Ob das jetzt aus der Religion heraus oder einem philosophisch gewachsenen Bewusstsein kommt, spielt dabei keine Rolle.
Ich helfe nicht, um in den Himmel zu kommen. Ich helfe, weil mir in ner Notsituation vllt auch mal geholfen wird ;)
 
Hallo erst mal,
hab gerade mit wachsender interesse hier gelesen und muss das einfach mal loswerden.

also:

ich bin der meinung, es gibt kein gut oder böse. wenn es auch im ersten moment als böse erscheint, in allem ist auch etwas gutes zu finden. murks ich z.b. einen ab, habe ich bestimmt irgend jemandem einen gefallen getan und ihm geholfen. oder nicht? ist es dann noch böse? für den einen, der sich darüber freut bestimmt nicht.

jeder ist egoistisch. und man sollte es auch, um zu überleben. es liegt doch wohl in der natur von allen lebewesen. auch tiere sind egoistisch. sie versuchen auch ihren vorteil aus irgend was zu ziehen. egoismus muss sein.

das ganze gequatsche wegen nächstenliebe und so. es ist in meinen augen sehr oft nur heuchelei. man sieht es ja an den vereinen, die sich einen fetten mit den spendengeldern machen. und warum? die können gar nicht anders. weil? egoismus. der trieb sich sicherheit zu schaffen. für den menschen ist es nun mal das liebe geld. und der spender? er schmeichelt damit nur sich selbst und ärgert sich natürlich dann, wenn er so was in der zeitung liest.

religion? das ist doch auch nur eine erfindung von solchen, die es verstanden haben, damit ganze völker unter kontrolle zu halten, zu unterdrücken, für sich nutzbar zu machen. und ganze völker wurden im namen der religion ausgerottet. steht ja sogar im alten testament. in etwa: "gott sprach: vernichtet sie. lasst keinen leben. auch nicht kind und weib" was ist denn daran gut? die biebel ist der beste, und meist verkaufte horrorroman, den ich kenne.

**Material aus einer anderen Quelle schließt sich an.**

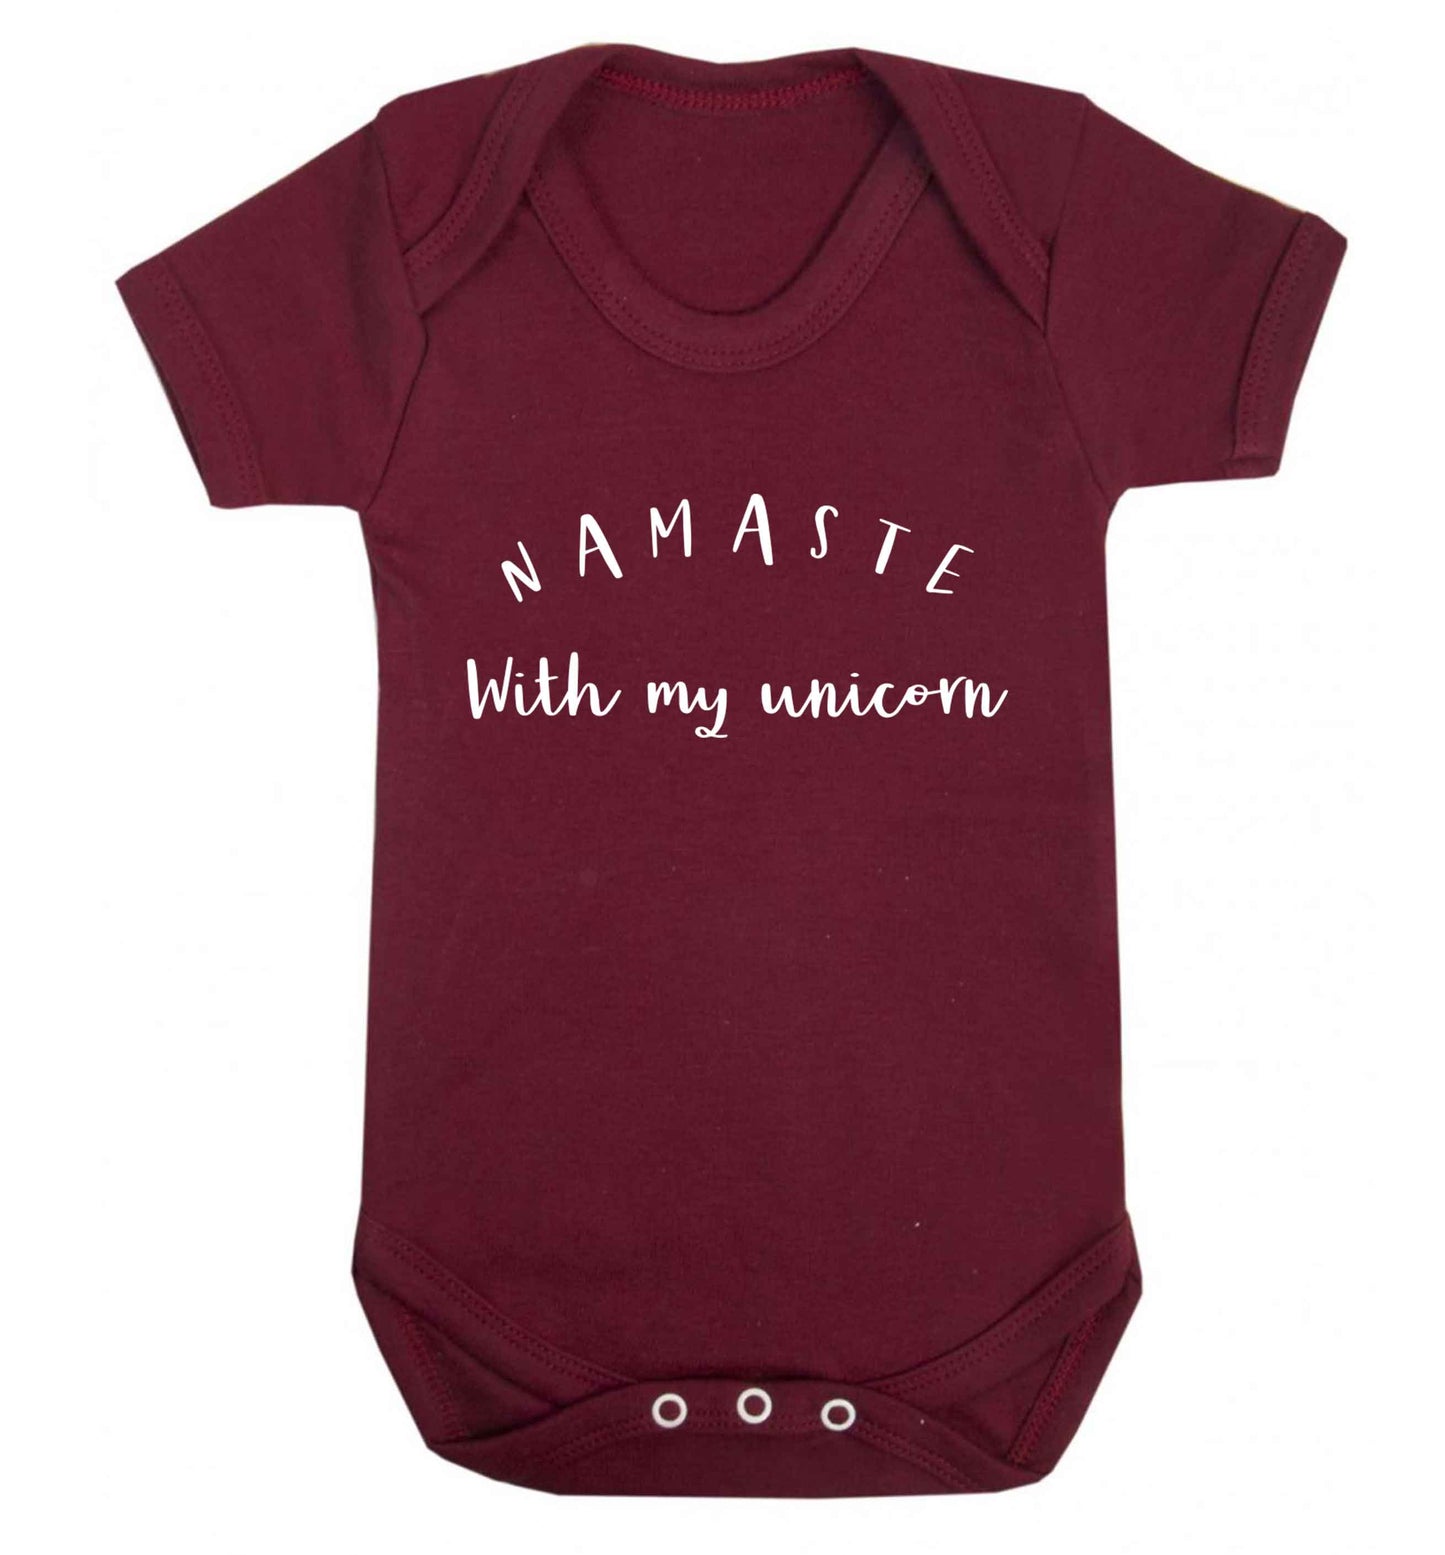 Namaste with my unicorn Baby Vest maroon 18-24 months

ne leute. es ist schon so. egal unter welchem deckmäntelchen etwas an den mann/frau gebracht wird. bestimmt nicht nur aus reiner nächsteliebe.
 
religion? das ist doch auch nur eine erfindung von solchen, die es verstanden haben, damit ganze völker unter kontrolle zu halten, zu unterdrücken, für sich nutzbar zu machen. und ganze völker wurden im namen der religion ausgerottet. steht ja sogar im alten testament. in etwa: "gott sprach: vernichtet sie. lasst keinen leben. auch nicht kind und weib" was ist denn daran gut? die biebel ist der beste, und meist verkaufte horrorroman, den ich kenne.

Und die wurde von wem geschrieben? Dem Menschen, nicht von Gott.

Damit will ich eigentlich sagen, dass es eigentlich immer der Mensch ist, der nach Macht strebt (ob er die Macht für Gutes oder Böses/Schlechtes nutzen will, sei mal dahingestellt).Allerdings wird die Macht dazu missbraucht, die Menschen zu manipulieren, sie quasi unter Kontrolle zu halten:
Regierungen, Kirchen, Banken, Großfirmen

Gut und Böse kommt oft auch auf die Betrachtungsweise an:
Im Kalten Krieg waren für die Amerikaner die Russen Böse und umgekehrt.
Was denn nun Gut und Böse ist, wird meist von der Masse vorgegeben.

Der Mensch an sich ist nicht Gut oder Böse/Schlecht, man wird durch die Gesellschaft geformt, an der dann ausgemacht wird ob man Gut oder Böse/Schlecht ist.